Hemp businesses immediately decried the proposed federal ban and said it was championed by anti-cannabis U.S. Rep. Andy Harris of Maryland, a Republican who has for years introduced various bills to block or roll back marijuana and hemp reforms. Harris’ office used the same summary language in a press release.
“It’s another bill to destroy the hemp industry,” said Art Massolo, the founder of Cycling Frog, a Colorado-based hemp THC beverage company, after speaking at a cannabis business conference in New York City yesterday. “The fact of the matter is that THC hasn’t killed one human being on the planet, ever. So what are worried about? What are people so afraid of?”
Jim Higdon, co-founder of Kentucky-based Cornbread Hemp, said most Americans want a regulated national THC market, not a return to the days of cannabis prohibition.
“This amendment proposed by known anti-cannabis zealot, Rep. Andy Harris, would be a huge step backwards for the American farming economy and the American consumer. The American people have spoken repeatedly: they want legal, regulated cannabis products, not the sort of 1980’s-style prohibition proposed by Rep. Andy Harris,” Higdon said in a text message.
Some members of the marijuana industry said the proposed intoxicating hemp ban would likely benefit the marijuana sector, at least in the short term, by eliminating major competition for state-licensed cannabis shops.
“Overnight, it’s great news,” said Vince Ning, owner of cannabis distributor Nabis, which operates in California, New York and Nevada. “I think it’d be good news for us. It gives us more work to do.”
But others decried such a proposal as short-sighted and potentially harmful in the long run for anyone in either the marijuana or hemp trades.
“What I fear is, this reaction isn’t coming from prohibitionists or those who hate the industry. I see this happening in a lot of states, that members of our industry who are trying to eliminate competition are educating those who still believe in prohibition, to crack down on what we call ‘hemp,’ ” said Demitri Downing, co-founder of the Marijuana Industry Trade Association of Arizona.
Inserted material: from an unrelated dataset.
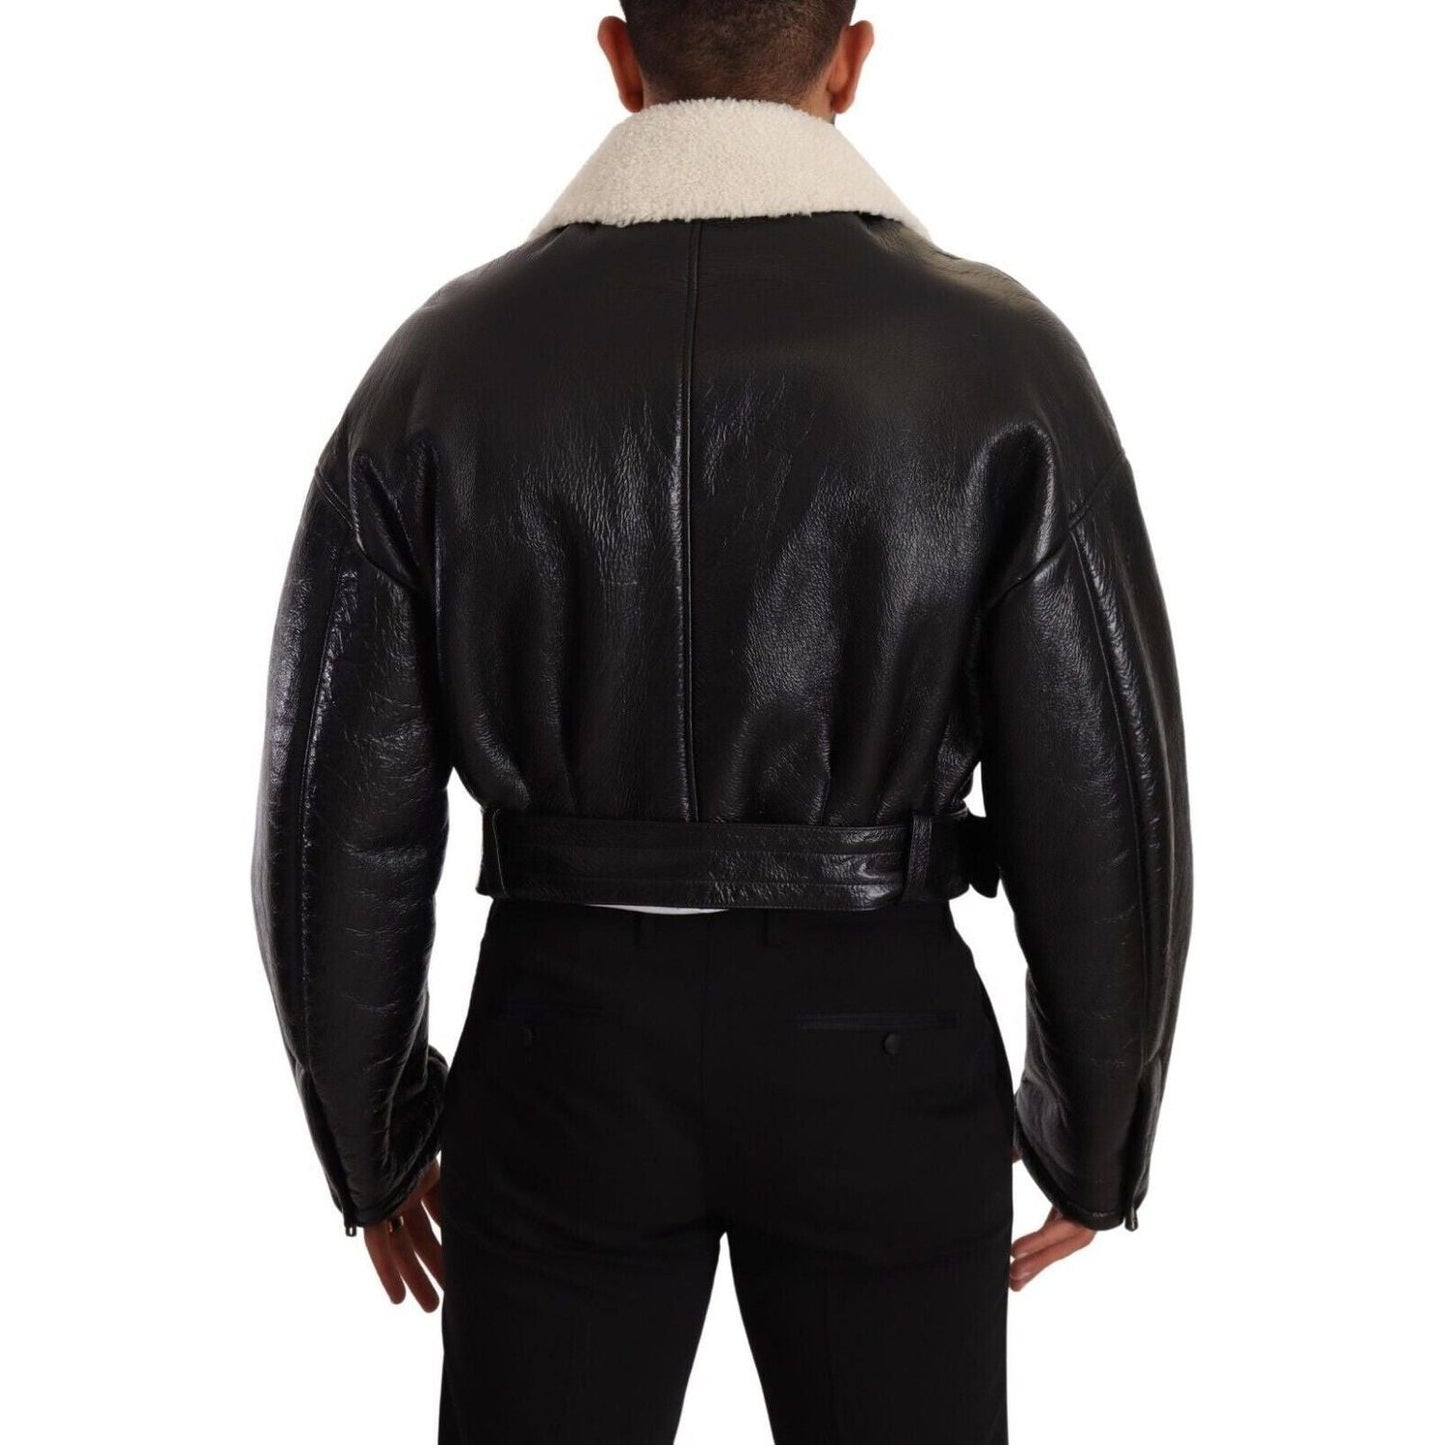 Dolce & Gabbana Elegant Shearling Biker Jacket black-leather-shearling-biker-coat-jacket

“It would be a net positive for those people who are participating in the THC licensed market, because it limits the competition and it limits the supply chain to them,” Downing said. “At a higher level, it’s a negative, because it sends the message out to the community that there’s something dangerous about this plant. That message in general isn’t one our industry shouldn’t be supporting.”
Whitney said a hemp ban would provide a “plus to the marijuana industry,” but warned that the policy would probably be a “net neutral” because large multistate operators have put so much money into intoxicating hemp already.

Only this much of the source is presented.